President Trump has failed to persuade elected Republicans in Michigan and Georgia to subvert the will of voters, and his effort appears to have stalled in Pennsylvania too.
Intensifying his efforts to undo his loss to Joseph R. Biden Jr., President Trump twice called the Republican speaker of the Pennsylvania House of Representatives in recent days to encourage challenges to the official results in the state.
Mr. Trump pressed the speaker, Bryan Cutler, on how Republicans planned to reverse the results of an election that Mr. Biden was certified to have won by more than 80,000 votes, a spokesman for Mr. Cutler, Michael Straub, said Monday night.
“He did ask what options were available to the legislature,” Mr. Straub said, referring to the president.
A series of lawsuits by the Trump campaign and its allies claiming widespread voting fraud in Pennsylvania have been tossed out of state and federal courts.
Supporters of Mr. Trump’s baseless fraud claims have called on Republican-led legislatures in several states to overturn the results, although Pennsylvania’s General Assembly is out of session and cannot be called back except by Gov. Tom Wolf, a Democrat.
“Cutler made it very clear what power the legislature has and does not have,” said Mr. Straub, who characterized the president’s calls as seeking information rather than pressuring the speaker. The calls were reported earlier by The Washington Post.
Bryan Cutler, the speaker of the Pennsylvania House of Representatives, spoke with President Trump twice in recent days.Credit…Dan Gleiter/The Patriot-News, via Associated Press
Pennsylvania is the third state in which Mr. Trump is known to have reached out to top elected Republicans to try to reverse the will of voters. He earlier summoned Michigan legislative leaders to the White House, and over the weekend he pressed Gov. Brian Kemp of Georgia to call upon that state’s legislature to reverse the election.
At a rally in Georgia on Saturday, Mr. Trump said Mr. Kemp “could stop it very easily if he knew what the hell he was doing.” But Mr. Kemp has repeatedly declined to call for a special session of the legislature, and state election officials recertified Georgia’s results on Monday after another recount again showed that Mr. Biden had won the state.
Nearly every state has certified its results, and Mr. Biden has officially secured more than the 270 Electoral College votes needed to become president.
In Pennsylvania, Mr. Biden was certified the winner last month by the Department of State, and Mr. Wolf signed a “certificate of ascertainment” for Mr. Biden’s slate of electors to be appointed to the Electoral College, which votes on Dec. 14.
Nonetheless, 64 Republicans in the General Assembly, including Mr. Cutler and other members of the leadership, called on Friday for Pennsylvania’s congressional delegation to reject the electoral votes for Mr. Biden when Congress meets on Jan. 6 to confirm the Electoral College results. The effort is highly unlikely, not least because the Democratic-led House of Representatives would need to agree to it. Pennsylvania’s most senior congressional Republican, Senator Pat Toomey, has said through his office that he “will not be objecting” to Mr. Biden’s 20 electoral votes from the state.

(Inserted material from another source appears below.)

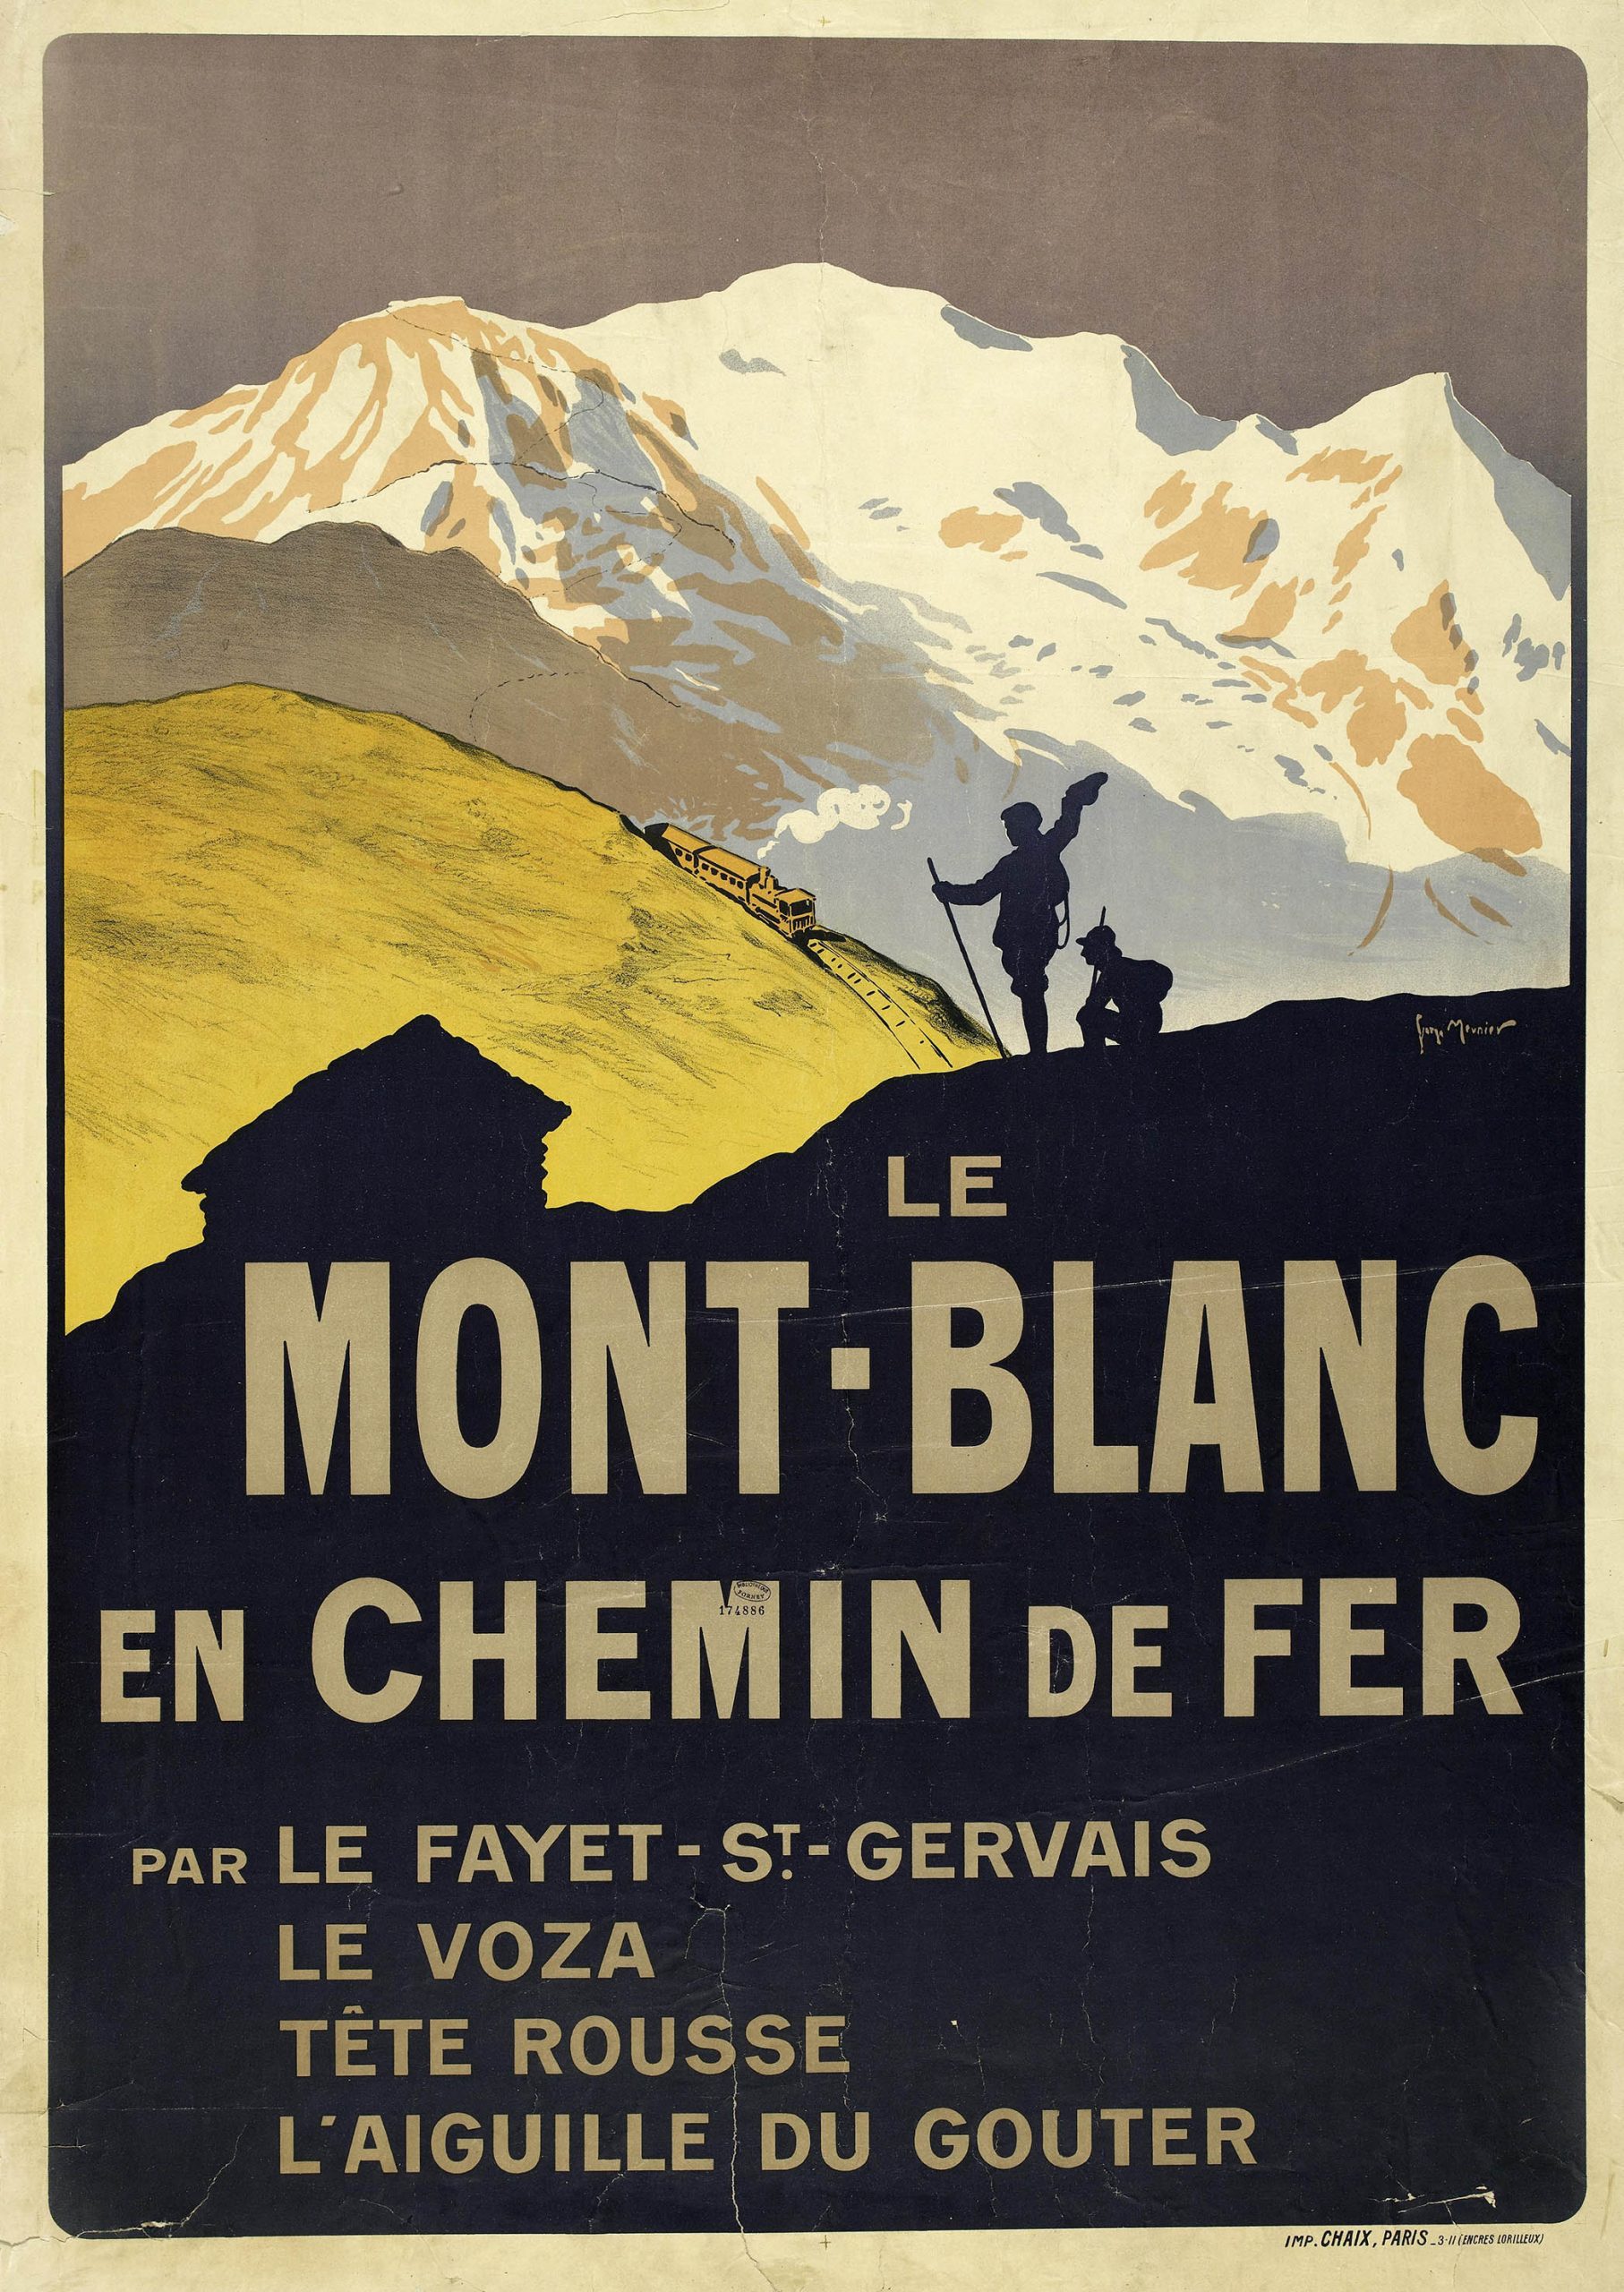 Affiche publicitaire des chemins de fer en passant par l'aiguille du Gouter dans le massif du Mont Blanc ©Ville de Paris 1911

Mr. Trump’s personal attacks on the few top Republicans who debunk his fraud claims, such as in Georgia and Arizona, as well as his efforts to enlist allies in the party in his brazen effort to reverse the will of voters, such as in Pennsylvania, are likely to make the issue crucial to elections next year and in the 2022 midterms. Republican primaries could become contests of who stood behind Mr. Trump in his baseless claims that undermined faith in democracy.
State Representative Joanna E. McClinton, the minority leader of the Pennsylvania House Democrats, called Republican assertions of widespread fraud, which have echoed Mr. Trump’s descent into conspiracy theories and disinformation, “outrageous.”
“We are seeing extremists who claim they love the Constitution,” she said, “but who want to throw the Constitution away just because the president lost his bid for re-election.”